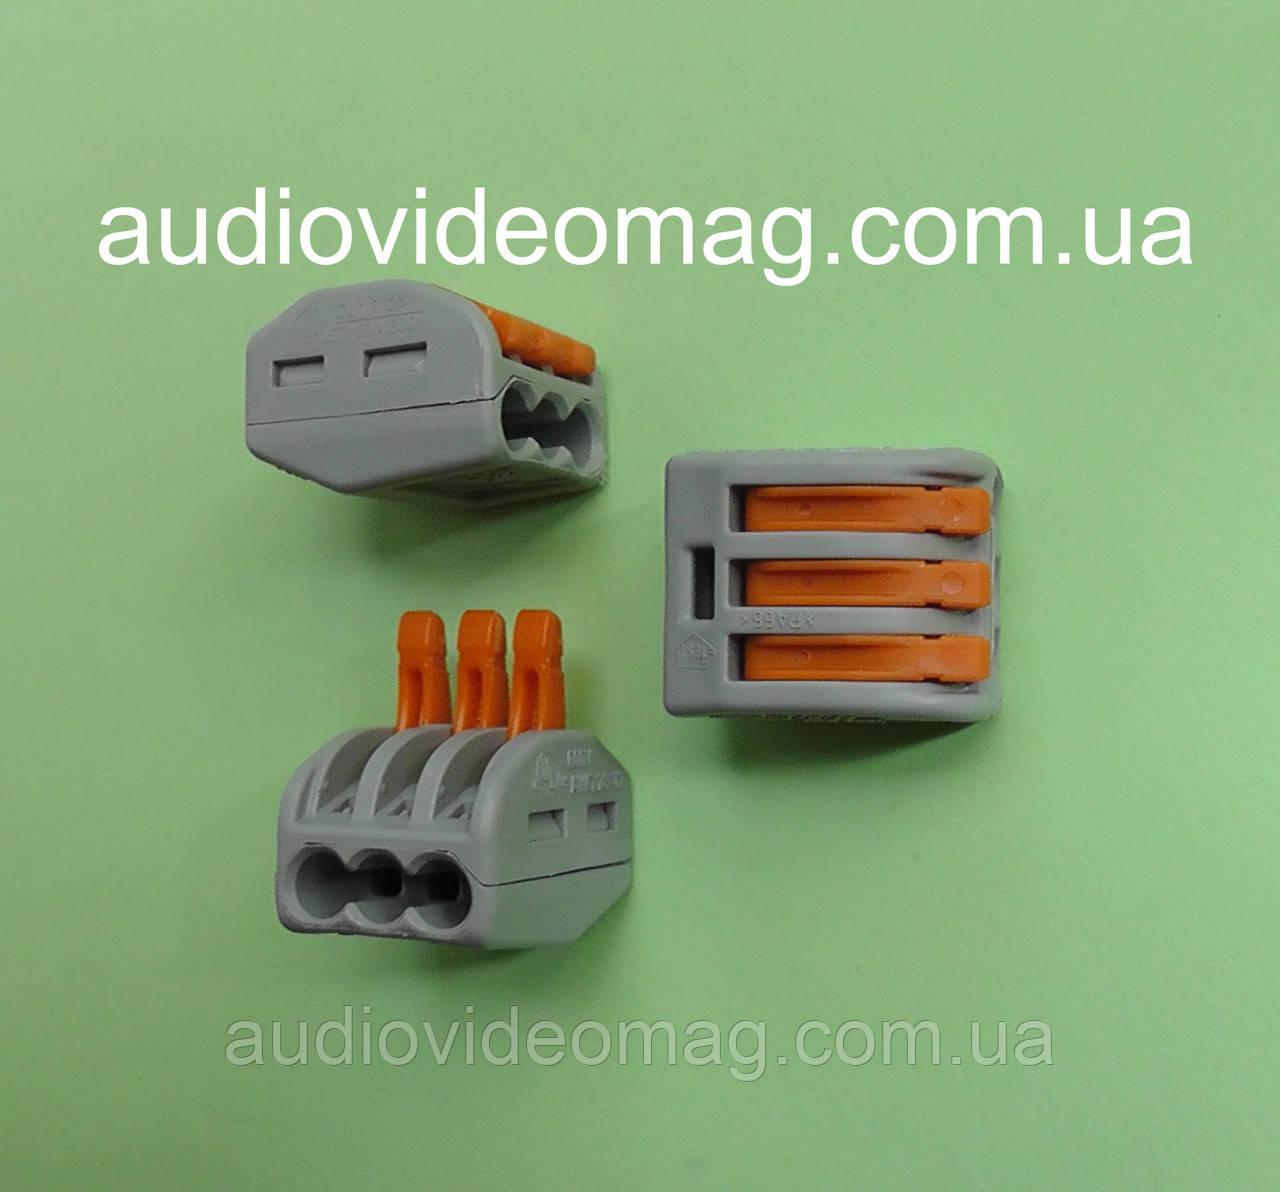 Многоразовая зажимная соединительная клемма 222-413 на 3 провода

...

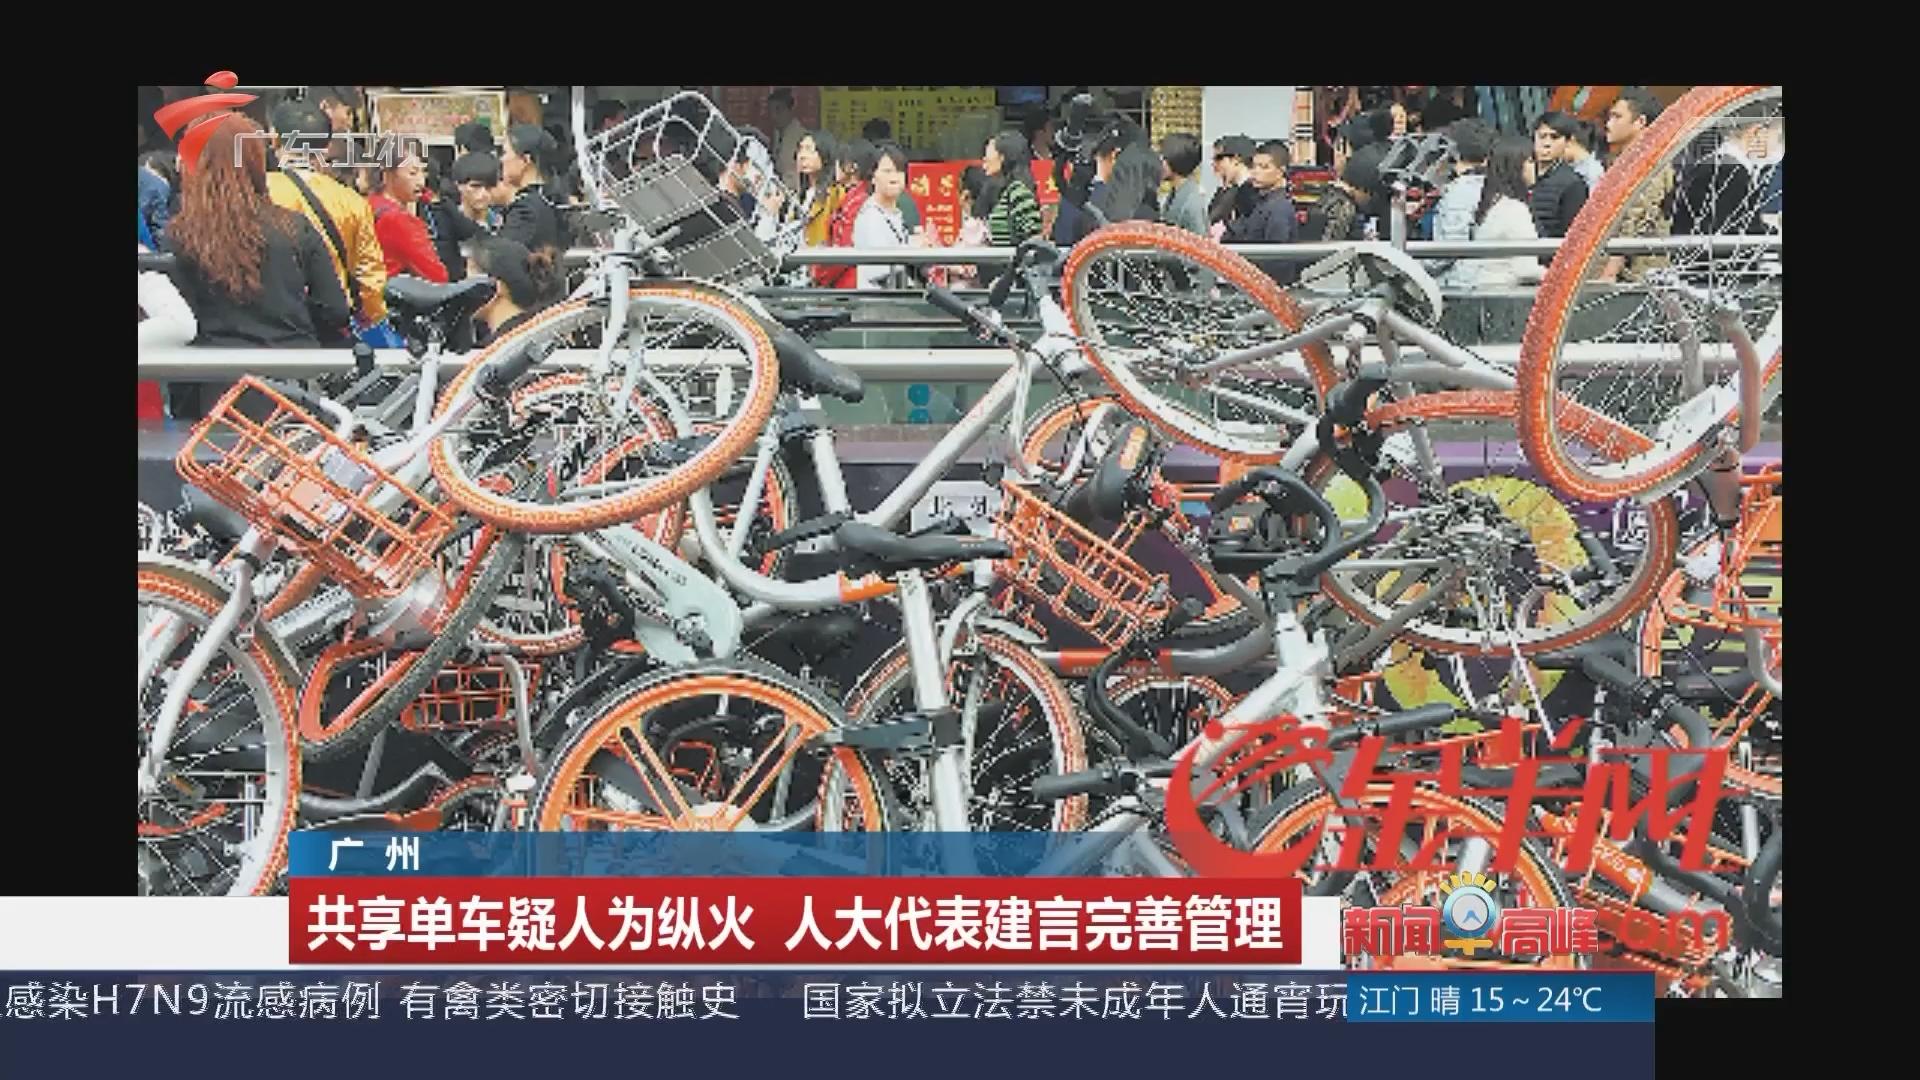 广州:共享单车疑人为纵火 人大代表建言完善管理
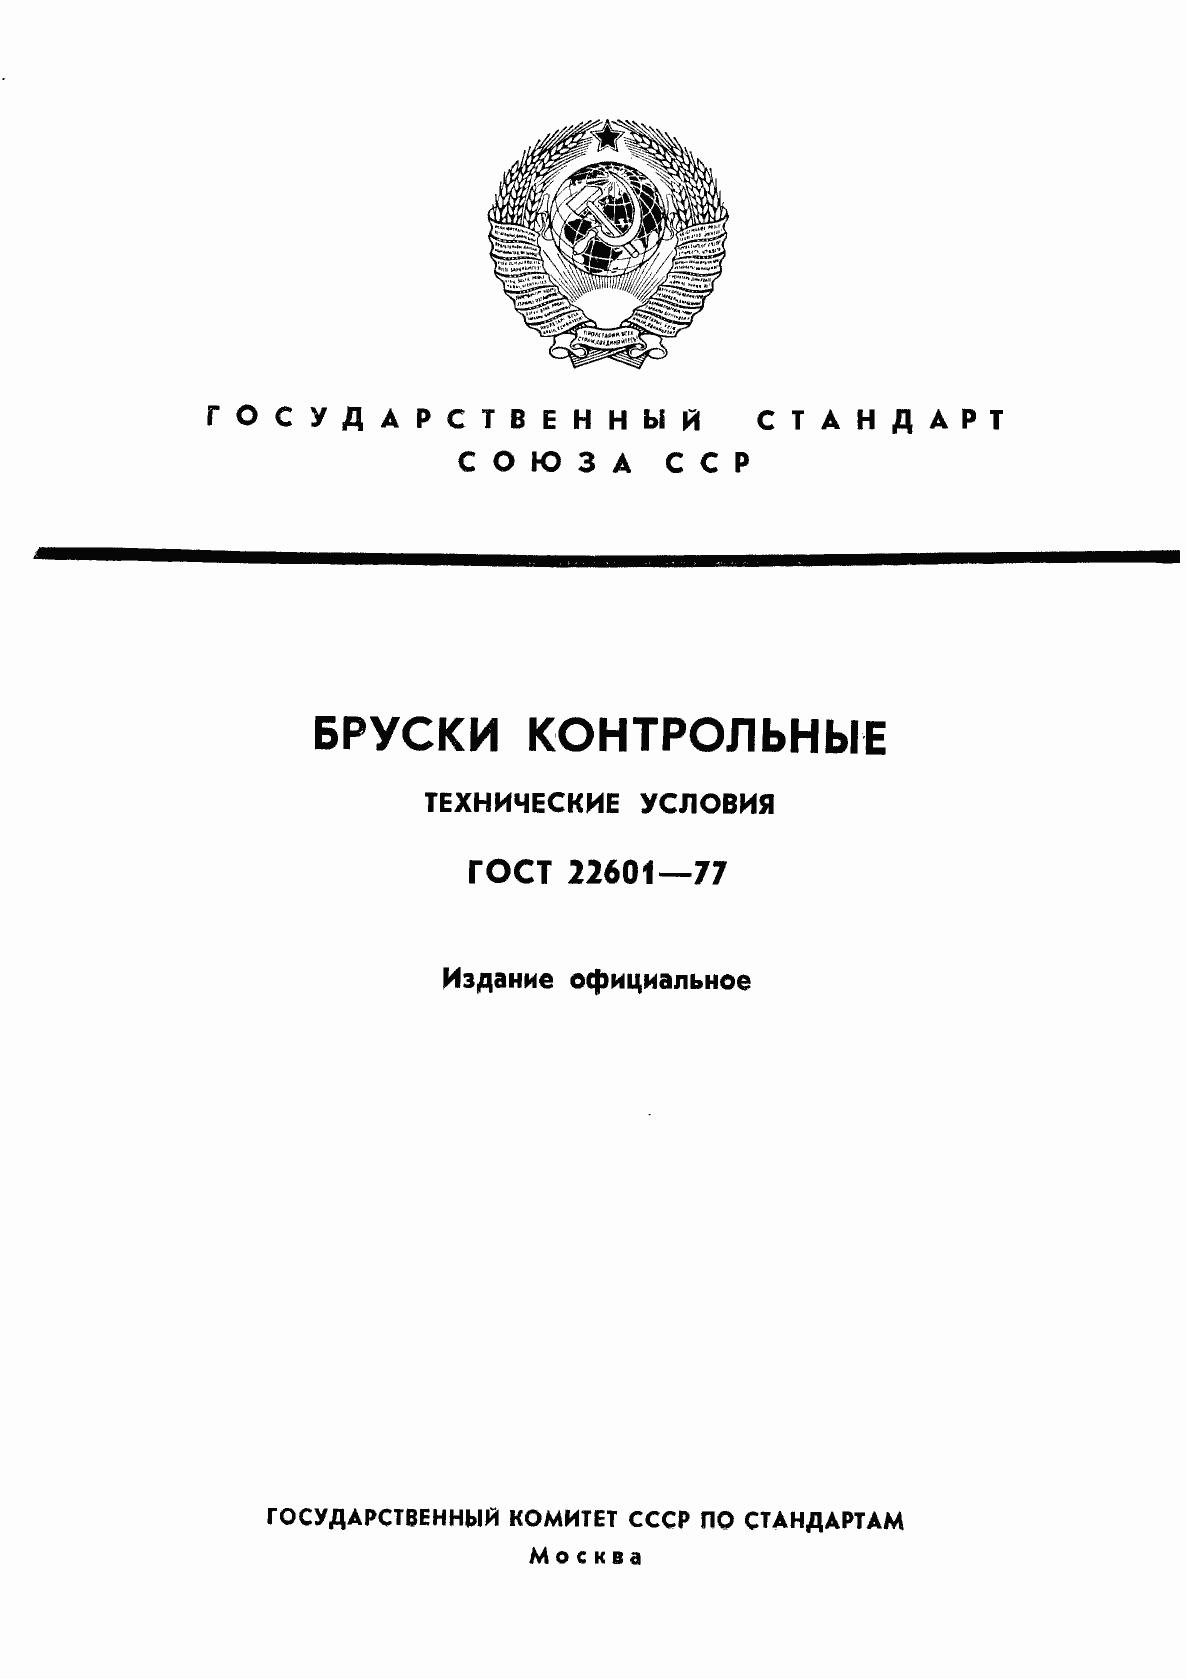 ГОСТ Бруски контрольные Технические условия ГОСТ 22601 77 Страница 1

> [WHAT TO PRODUCE]
Above are the records; copy from them only the lines starting at the one containing "广州:共享单车疑人为纵火 人大代表建言完善管理" and ending at the one containing "ГОСТ Бруски контрольные", exactly and without pictures.

> [TASK SOLUTION]
 广州:共享单车疑人为纵火 人大代表建言完善管理
 ГОСТ Бруски контрольные Технические условия ГОСТ 22601 77 Страница 1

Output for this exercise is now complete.